§ **PROBLEM DETAILS**
Below, find the line containing "Tool, gear, smile, emotion"; from there to the final line, print every line exactly and skip the pictures.

§ **DATA SECTION**
______

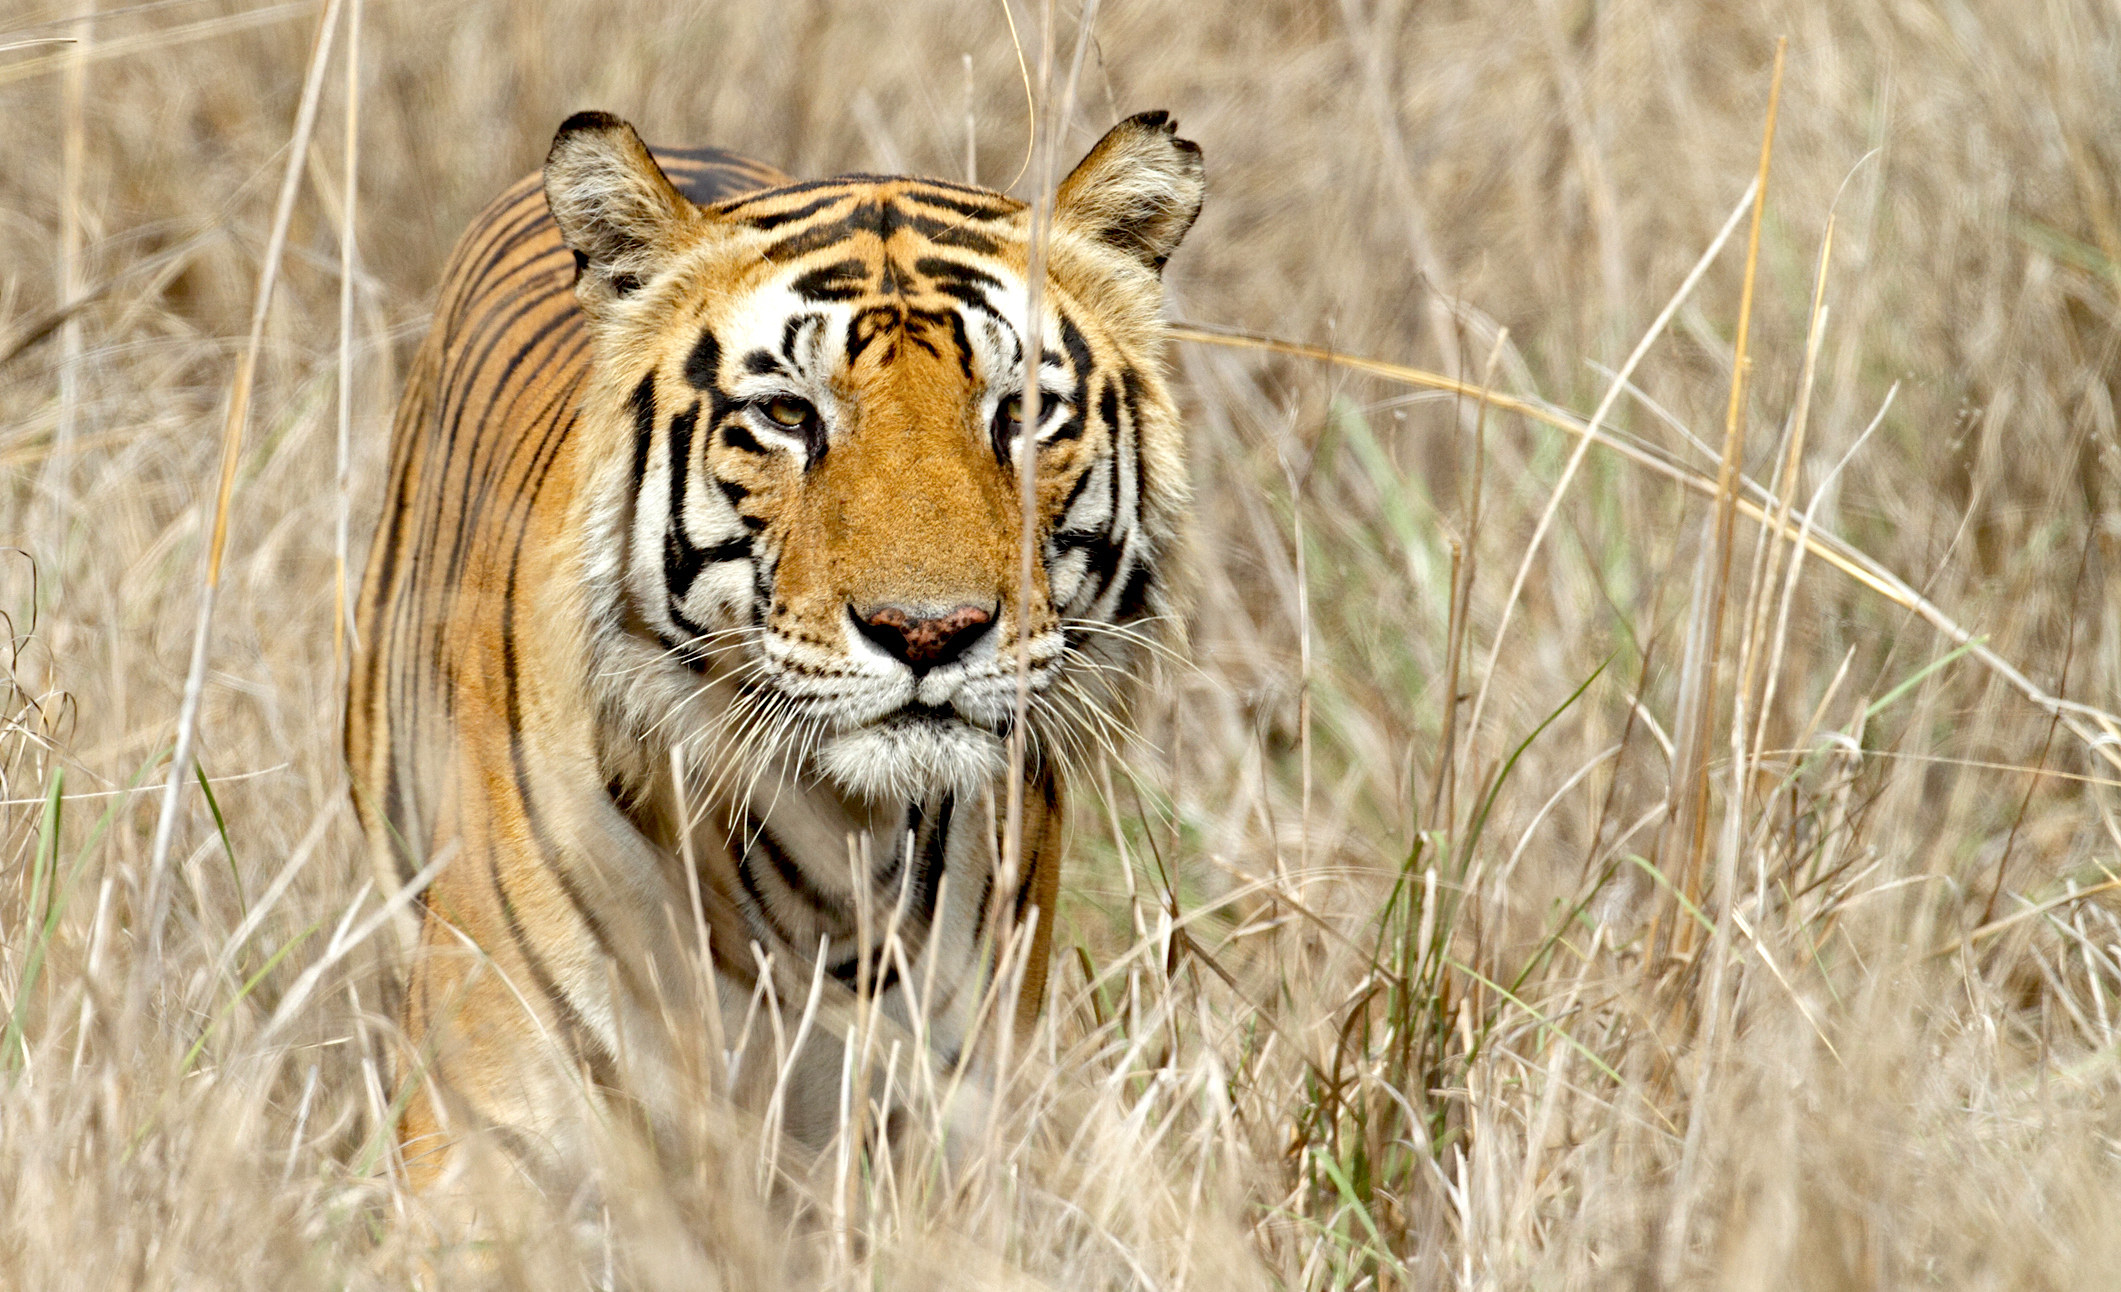 A tiger crouching in tall grass.
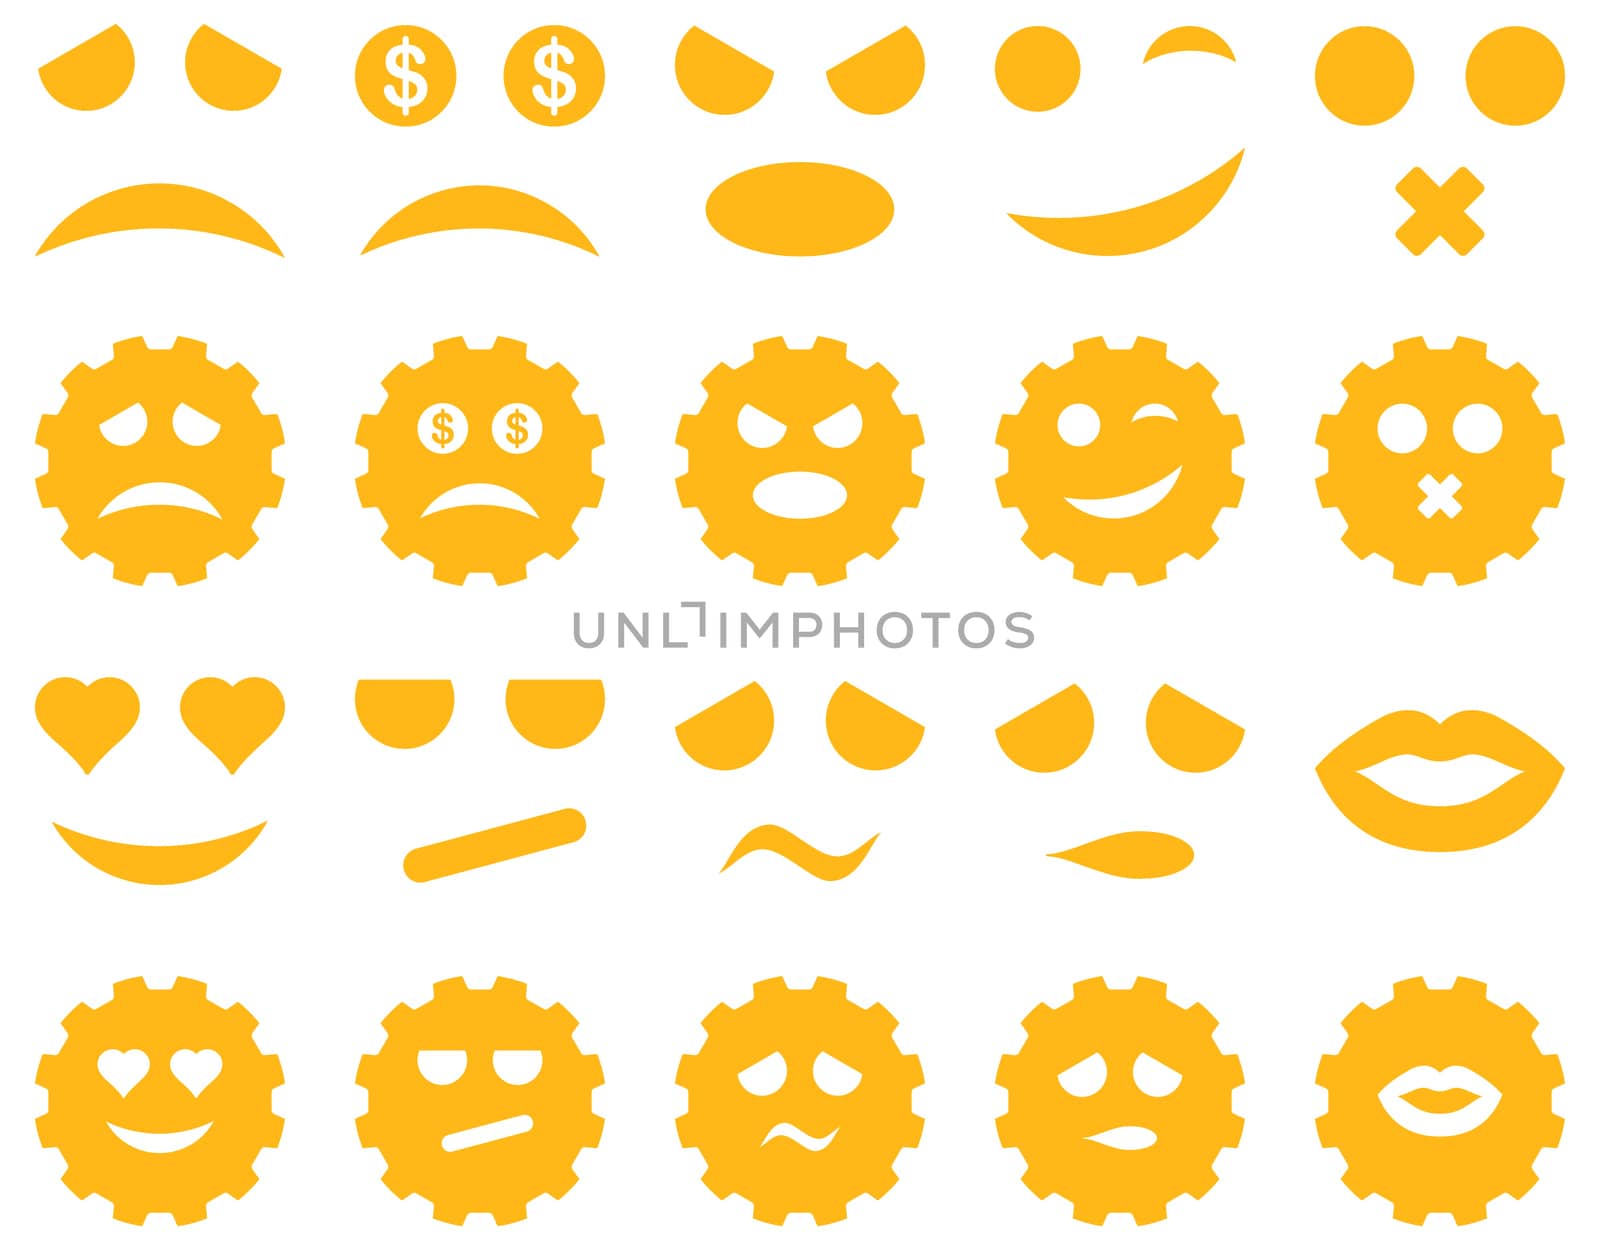 Tool, gear, smile, emotion icons. Glyph set style is flat images, yellow symbols, isolated on a white background.
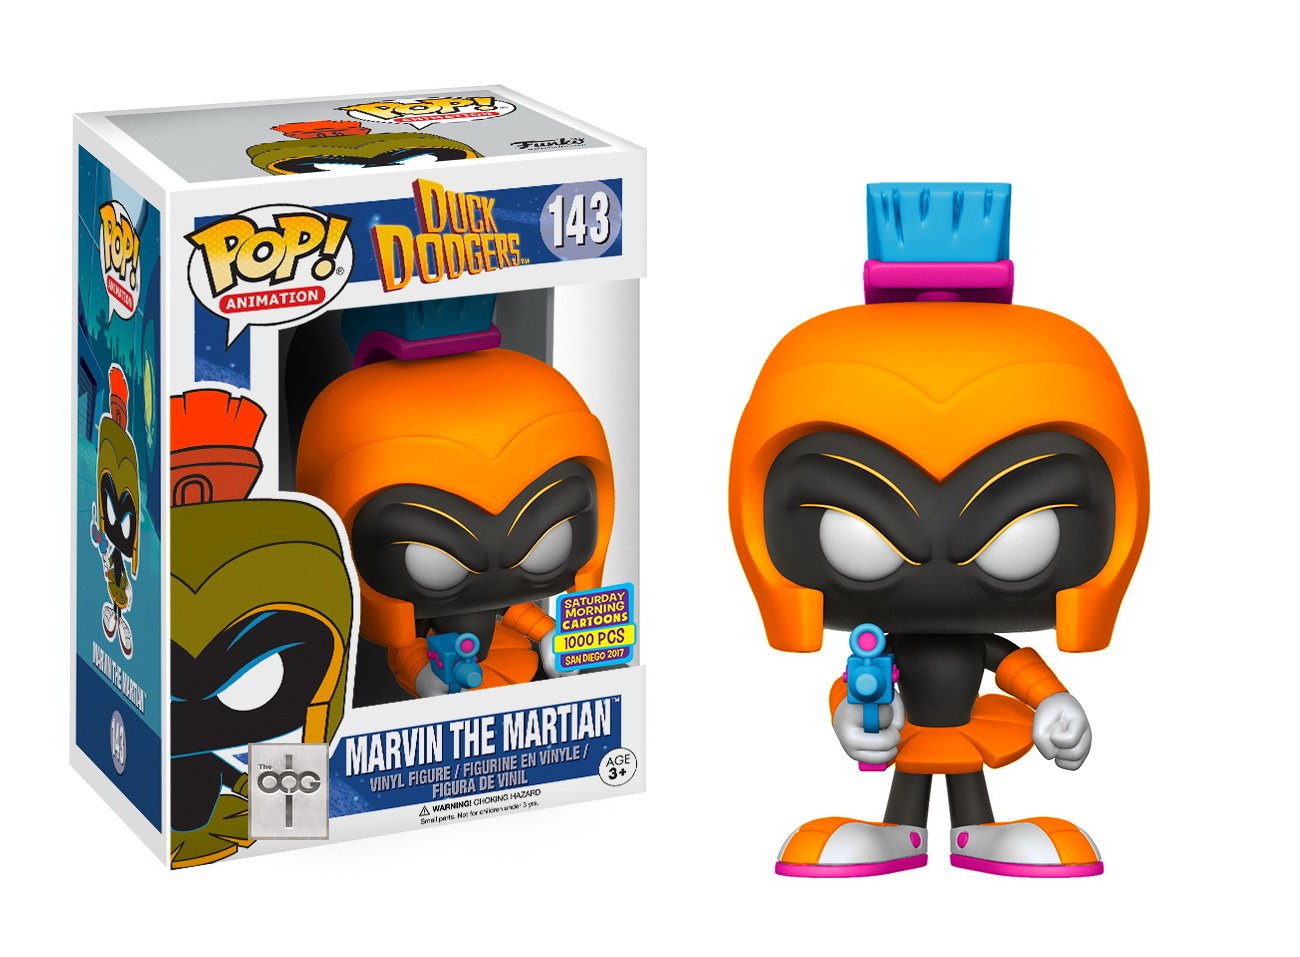 POP! Animation: 143 Duck Dodgers, Marvin The Martian (ORG) (1,000 PCS) Exclusive

______

§ **WRITTEN RESPONSE**
 Tool, gear, smile, emotion icons. Glyph set style is flat images, yellow symbols, isolated on a white background.
 POP! Animation: 143 Duck Dodgers, Marvin The Martian (ORG) (1,000 PCS) Exclusive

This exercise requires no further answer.